I fail to see the relevance of Dmcq's comments. A definition simply tells what people mean. When people write (–1)¹ they mean –1, and when they write 0⁰ they mean 1. There is no point in writing something undefined. It is not advanced at all. Apostol Mathematical analysis second edition says on page 6: "${\displaystyle \mathbb {Q} }$ contains ${\displaystyle \mathbb {Z} }$ as a subset.". Bo Jacoby (talk) 20:07, 26 November 2016 (UTC).

I see D.Lazard has changed that line in :Number#Complex_numbers. I fully agree with what is there now. What Apostol wrote is accurate enough though, with any of the usual axiom systems one can find a subset of the rationals that satisfies the axioms for the integers. However if one is talking about a model in set theory the rationals would be defined using the integers and have a quite different representation and so they would not be the same. And that statement was using set theory notation. I think you have some ideal Platonic numbers in mind independent of axioms. Nothing wrong with that for most work but things really do work out easier and better if you assume numbers have types like the difference between whole oranges and comminuted oranges and one doesn't try and force every statement about whole oranges to be true about comminuted orange made from a whole number of oranges. Dmcq (talk) 22:33, 26 November 2016 (UTC)

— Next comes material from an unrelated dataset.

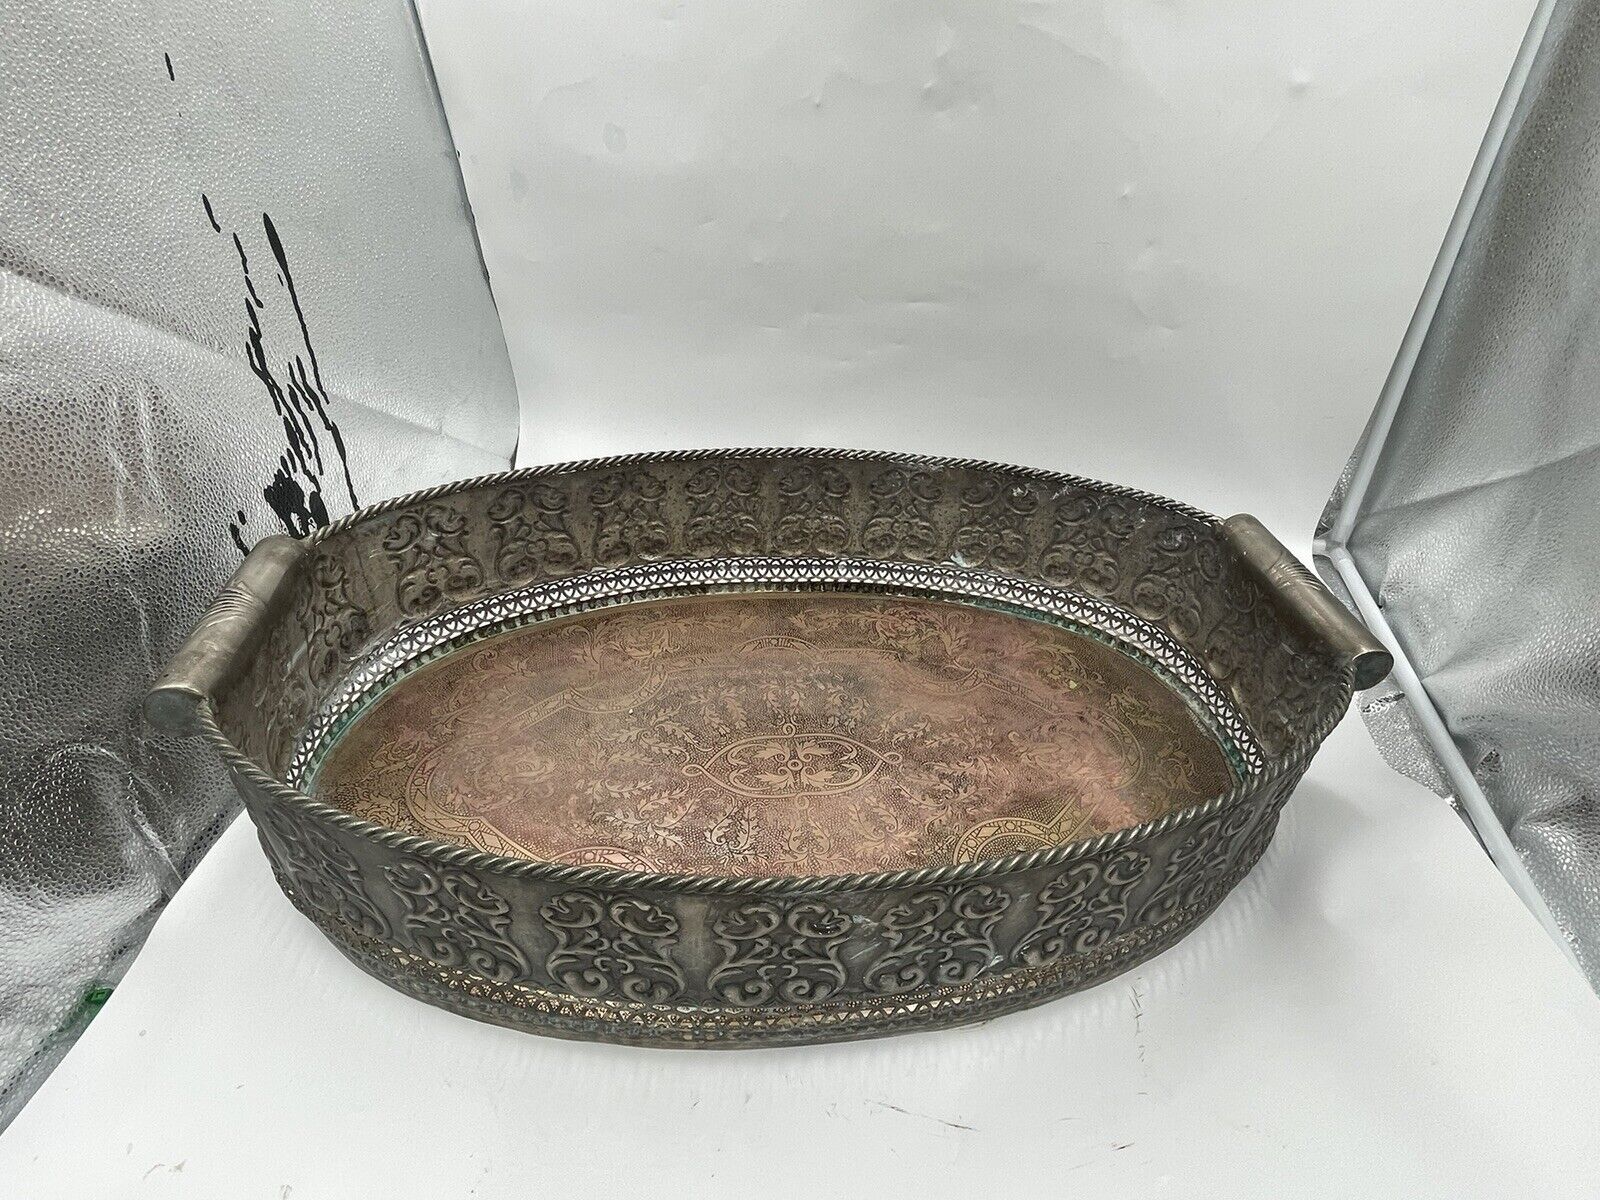 Castilian Imports Vintage Large Solid Brass Heavy Decorated Tray 27.5”X 16” X 4”

If ${\displaystyle x}$ is any real or complex number (or linear operator), and the exponent ${\displaystyle y}$ is a positive integer, then ${\displaystyle x^{y}}$ is the product ${\displaystyle \prod _{m=1}^{y}x}$. The empty product ${\displaystyle \prod _{m=1}^{0}x}$ is one. So ${\displaystyle x^{0}=1}$. If the number ${\displaystyle x}$ is nonzero, (or the operator ${\displaystyle x}$ is invertible), then ${\displaystyle x^{-1}={\frac {1}{x}}}$, and ${\displaystyle x^{-y}=(x^{-1})^{y}}$. If ${\displaystyle y}$ is a positive real number, then ${\displaystyle 0^{y}}$ is zero, and ${\displaystyle 0^{0}}$ is one, and ${\displaystyle 0^{-y}}$ is infinite (or undefined). The discontinuity for ${\displaystyle y=0}$ is unavoidable. If ${\displaystyle x}$ is positive, and the exponent ${\displaystyle y}$ is any real or complex number (or linear operator), then ${\displaystyle x^{y}}$ is ${\displaystyle e^{y\log x}}$, where the exponential function is ${\displaystyle e^{y}=\sum _{k=0}^{\infty }\prod _{m=1}^{k}{\frac {y}{m}}}$, and the natural logarithm ${\displaystyle \log }$ is the real solution to the equation ${\displaystyle x=e^{\log x}}$. Where these definitions overlap they provide the same value for ${\displaystyle x^{y}}$. So ${\displaystyle 2^{-3}={\frac {1}{2\cdot 2\cdot 2}}=\sum _{k=0}^{\infty }\prod _{m=1}^{k}{\frac {-3\log 2}{m}}}$. Bo Jacoby (talk) 16:54, 21 November 2016 (UTC).